In this regard, there have also been cases in other countries against copyright societies such as that in Belgium, wherein, the courts there imposed a compulsory license on two copyright collecting societies favouring cable distributors who were refused the right to transmit by cable, the German cable in Belgium, the court stated that refusing authorisation for reasonable remuneration is abuse .

While the refusal of license does not on its own without any other factor , constitute abuse, additionally by having intellectual property rights, it is not on its own abuse but only when there is arbitrary refusal will it constitute an abuse of dominant position.

One of the most prominent domains, in which copyright and competition law interact has been in cases of software as well as computer programmes. In the case of Google , there was an abuse of dominance by the search engine as it favoured its own content in the search results.

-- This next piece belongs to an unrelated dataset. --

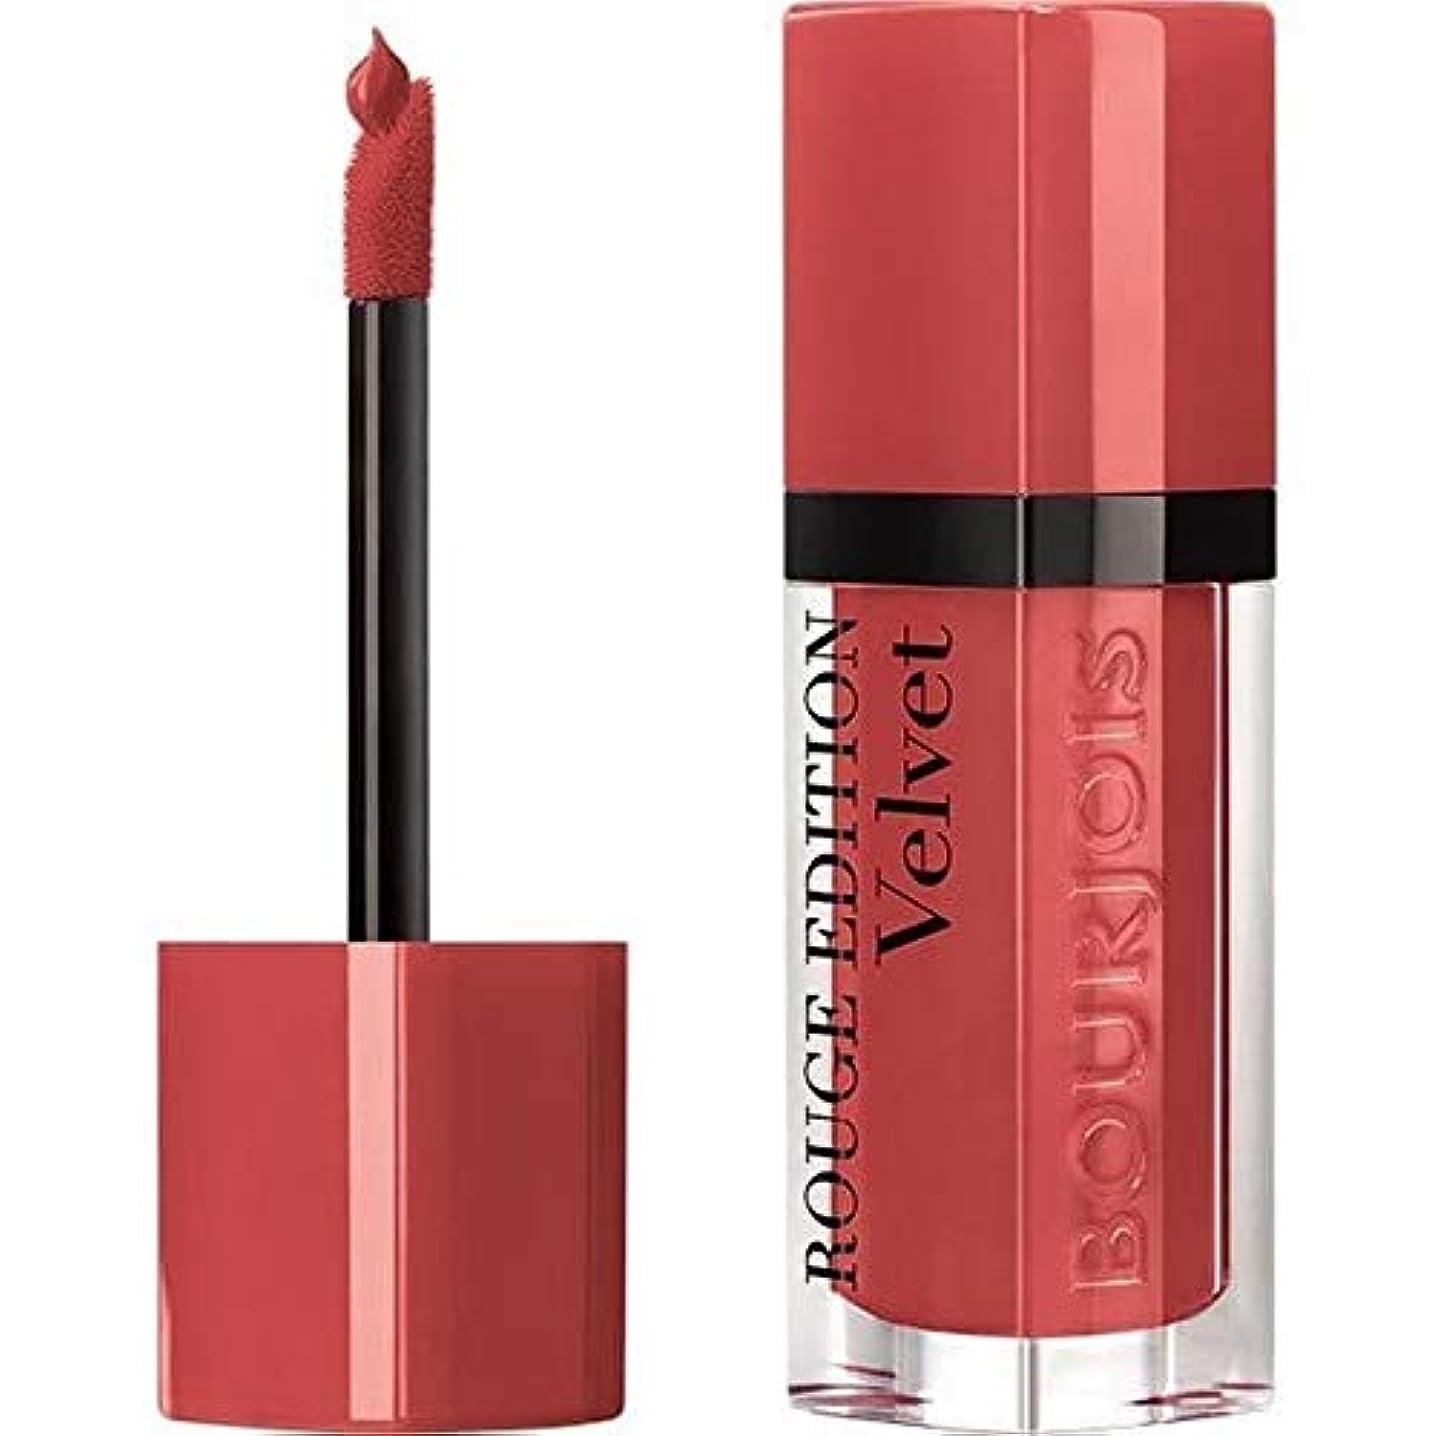 可動式拮抗水素[Bourjois ] ブルジョワルージュ版ベルベットの口紅の桃クラブ4 - Bourjois Rouge Edition Velvet lipstick Peach Club 4 [並行輸入品]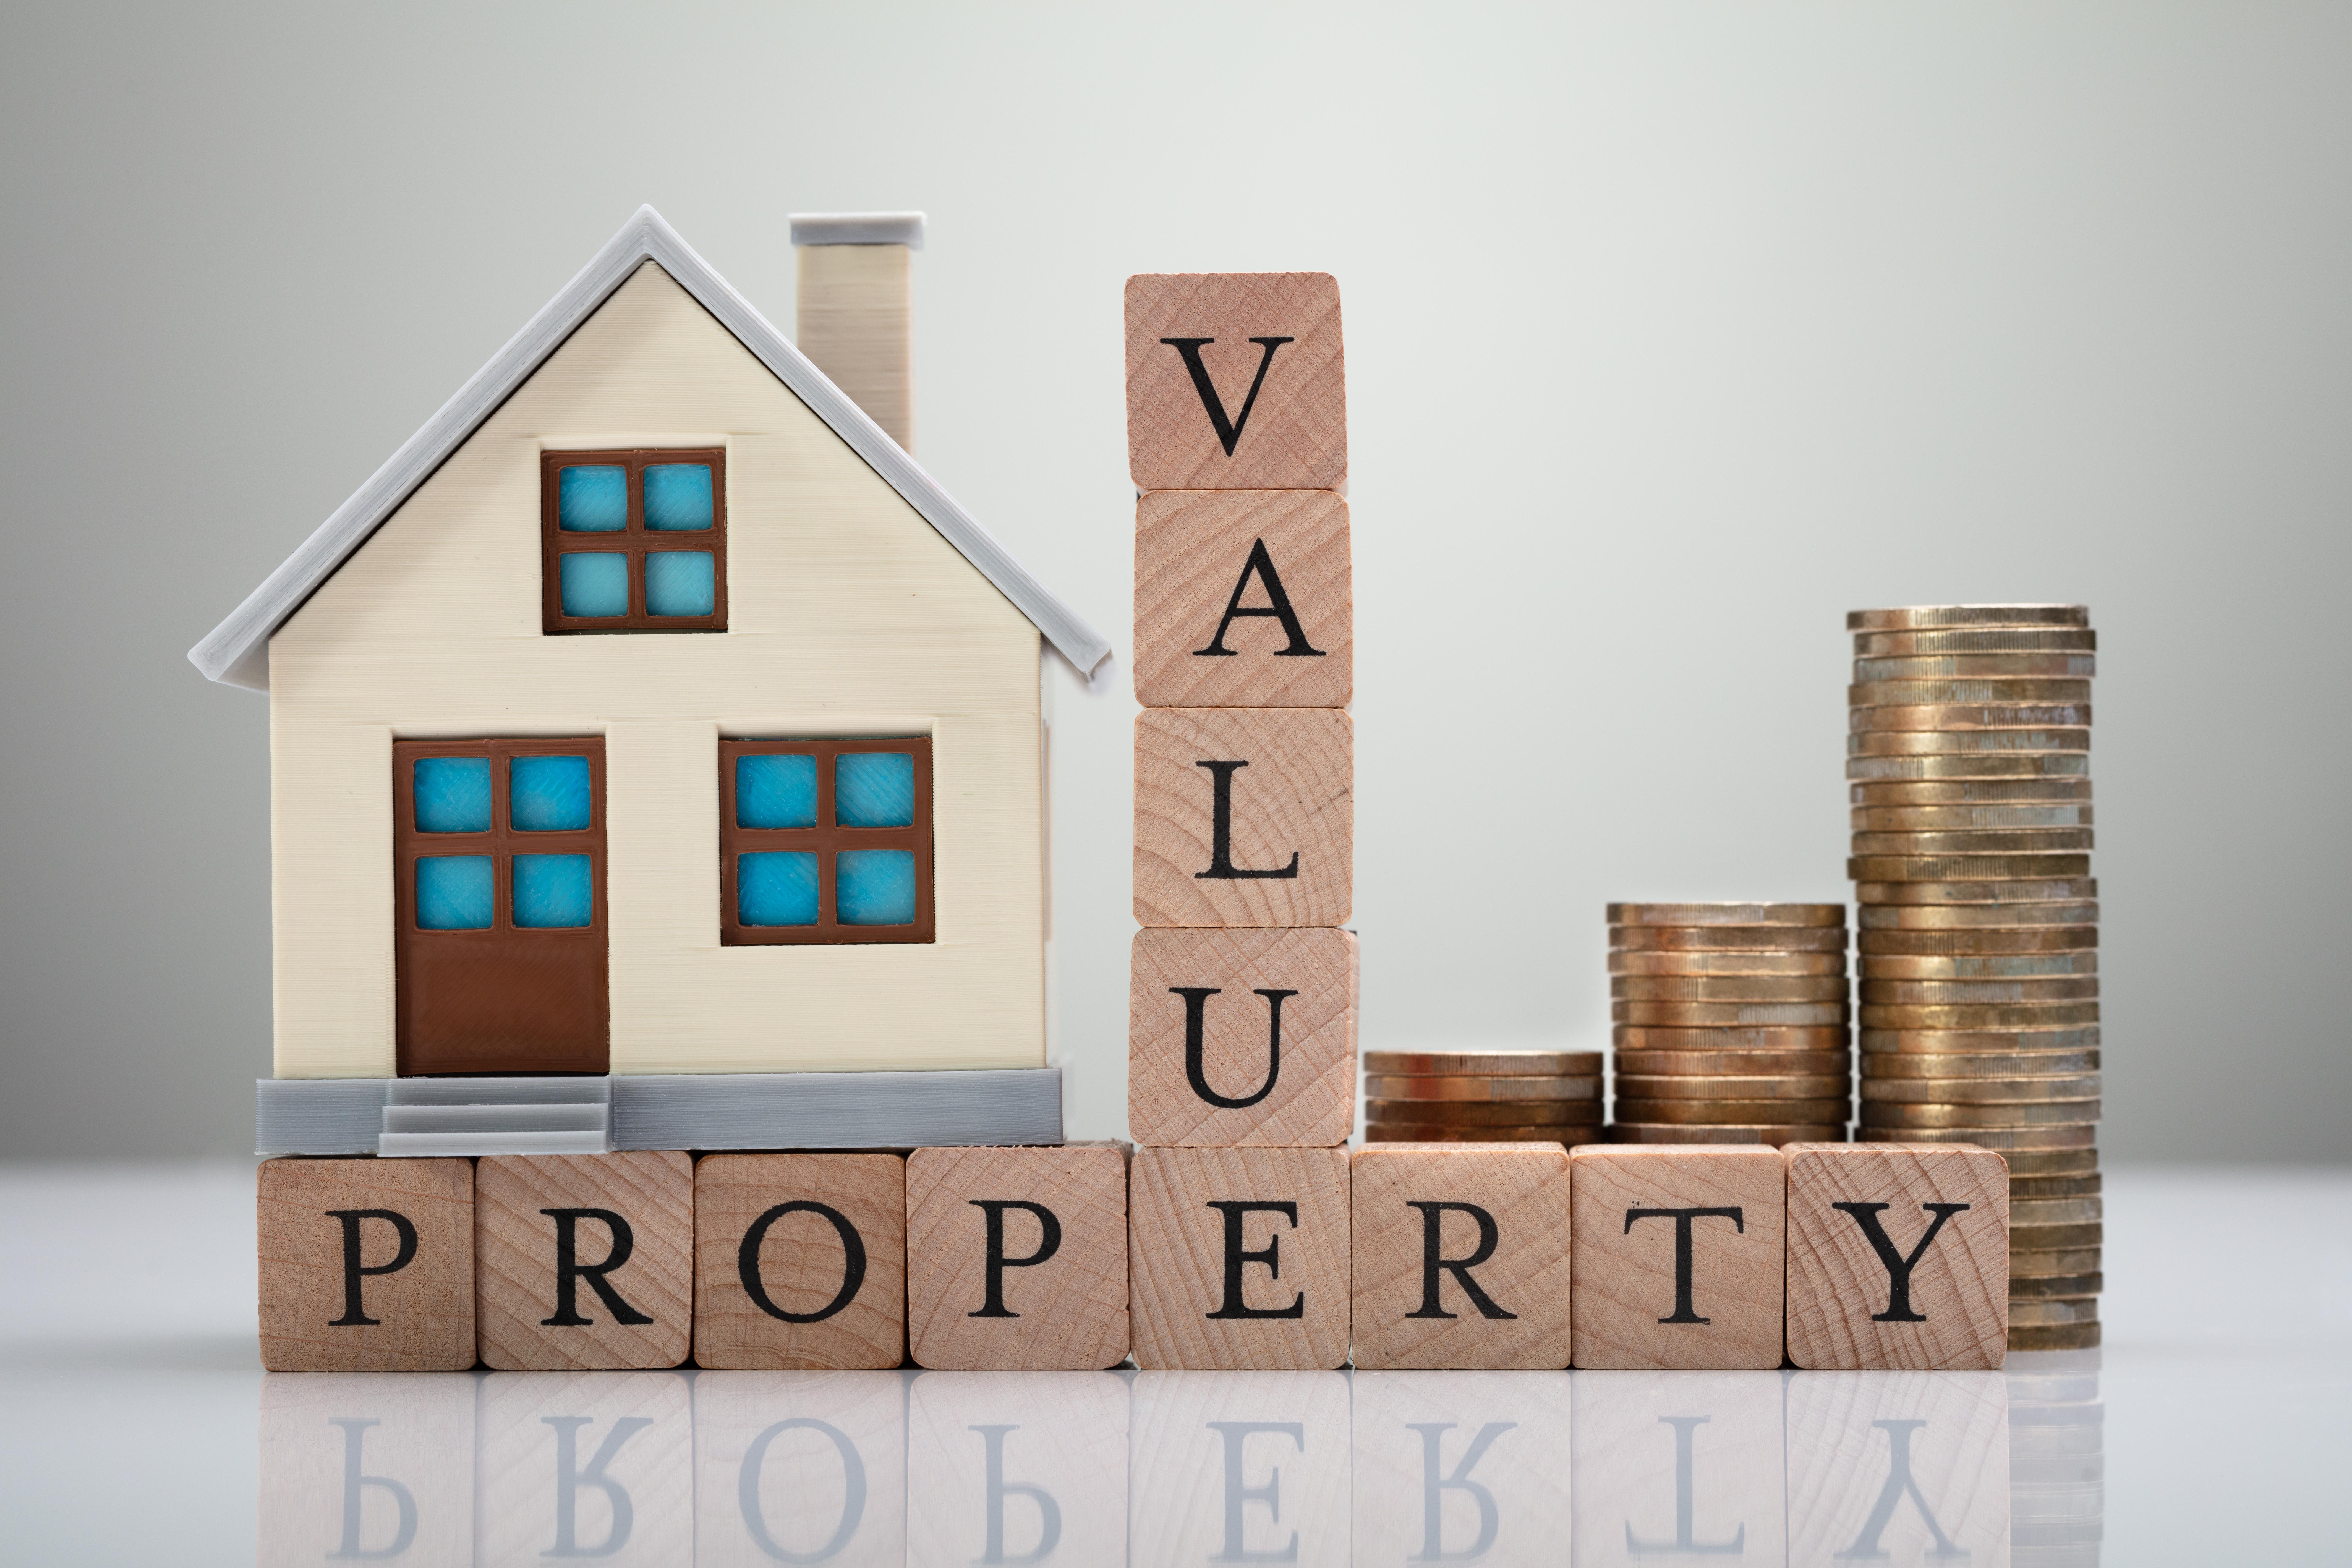 How Do HOA's Impact Property Values?

This despite the fact, that there were higher ranked rivals which were shown only on page 4 at an average in the search results. The European Commission stated that these practices were detrimental to competition as it inhibited comparison in shopping which was a disadvantage to consumers, while it made gains for the same.

When there has been refusal to permit third party use intellectual property, it has been considered in the context of the essential facilities doctrine, by many countries . This is applicable when a firm that controls an essential facility, denies another firm or entity reasonable access to such product/service. In such cases, the second firm/entity would require such product/service in order to be able to compete with the first firm.

Prescription of Industry standards serve as a remedy in such cases . FRAND Terms as highlighted in cases both in India and abroad, help provide a guide of what is reasonable and fair in nature.

Approaching the court/agency, with the claim is important in such cases . Injunctions are one of the most common remedies granted in the case of abuse of power violating competition law. However other remedies include compulsory licenses that can be used to deal with the problem of anti-competitive practices .

Developing countries can take home lessons of how to deal with the problems arising in the interplay of competition and intellectual property law from already developed countries .

Lastly, it is important from the perspective of the society, that proper and healthy competition is always maintained and is not compromised at any cost. Intellectual Property Rights, in specific reference to copyright in this case are very important for encouraging innovation and motivating creators. However, at no cost, should there be an abuse of power by such owners of copyright that should be permitted. It is especially imperative for developing countries to maintain such a proper balance of both of these laws, so as to ensure stability and progress in both innovation and competition thus laying a proper foundation for development in a country.